After a few months break, when the journal was coming close to its end, the restart of “World in Move” with its double issue of March–April 1981 seemed to be not just a positive sign of survival, but a real promise of a rebirth. The newly designated chief editor, Ferenc Kulin, together with his very much tried and tested editorial team, managed to get rid of direct censorship from the Central Committee of the Communist Youth League, and was offered another chance by the main cultural commissar, György Aczél himself, “to prove their talents.” No doubt they tried to do their best on the 224 pages of the book-sized double issue.

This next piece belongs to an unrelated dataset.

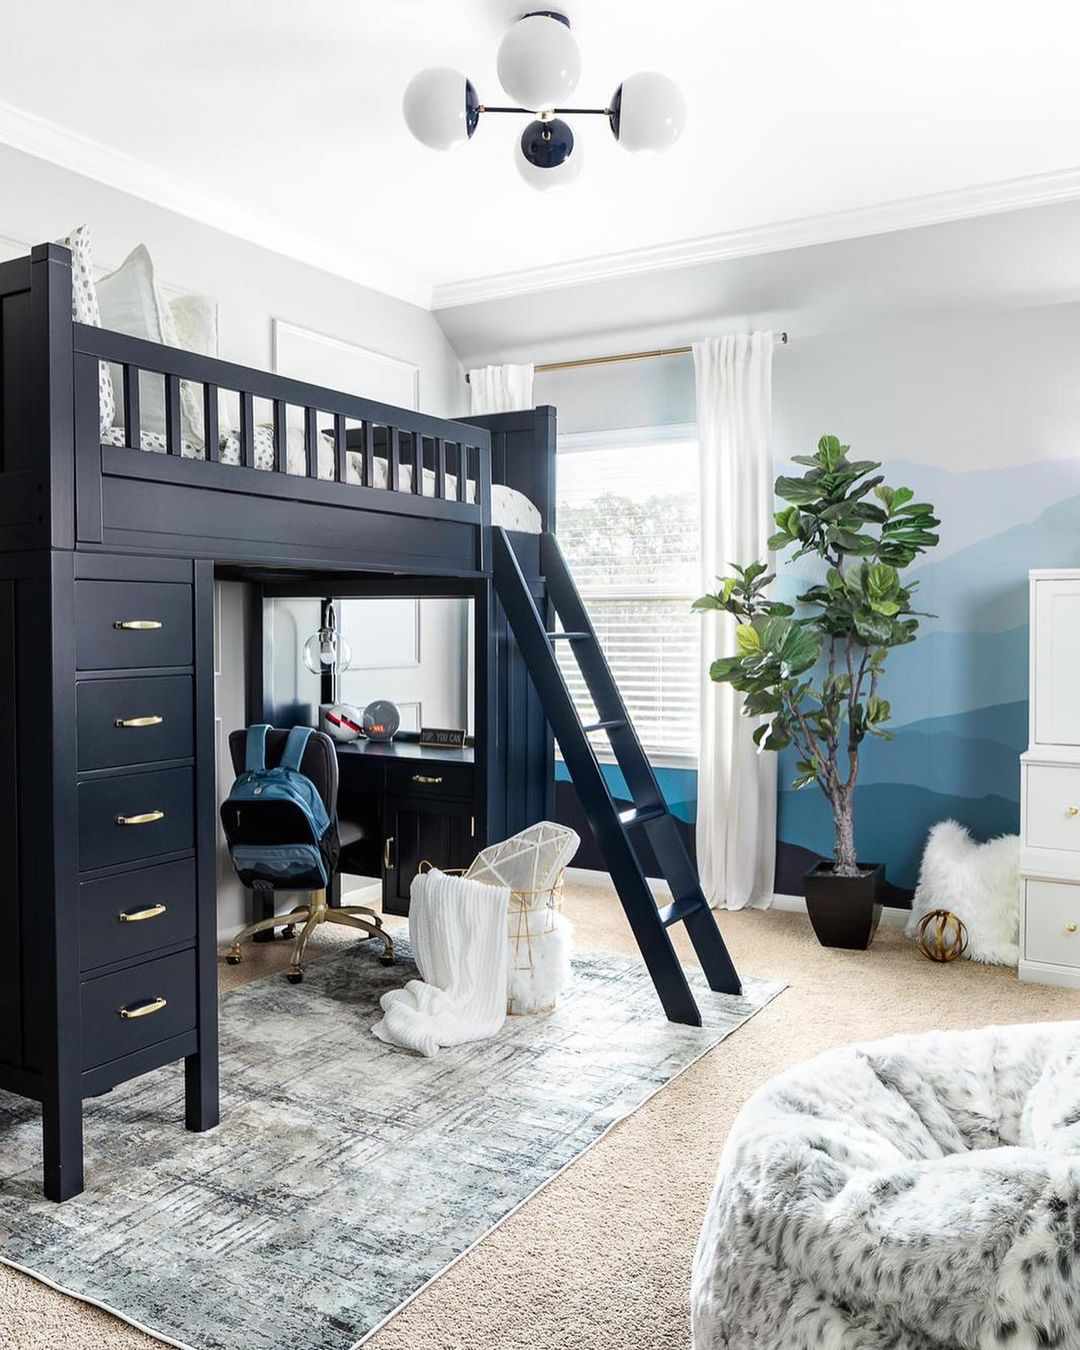 Una cama alta azul marino en la habitación de un niño con un puesto de deberes en la parte inferior y cajones en un lateral.

On the first two pages there was an editorial addressed to readers briefly summing up the recent changes in and around the paper, and drafting further plans for the future. As it was stated, a long decade passed since the start of “World in Move,” and after a prolonged period as a “youth paper,” it was high time to become a forum for adults with full responsibilities. It is true that in two short paragraphs one can be read the obligatory ideological “loyalty statement” of all legally published papers (“engagement with socialism, dialectical and historical materialism,” etc.), but more important is the list of radical claims for free public debates in all fields of life: in politics, culture, arts, literature, science, education, and so on.
These ambitions are well reflected by the content of the double issue: finely written poems, short stories, plays, essays, studies, reviews, and critiques of contemporary books, films, music, and theater performances, experimental art pieces, passionate public debates (on schools and higher education), a series of socially authentic photographs (like teenage kids at rock festivals). The world seemed to be moving dynamically, and the journal “World in Move” did too – at least for a few years to come … until the end of 1983.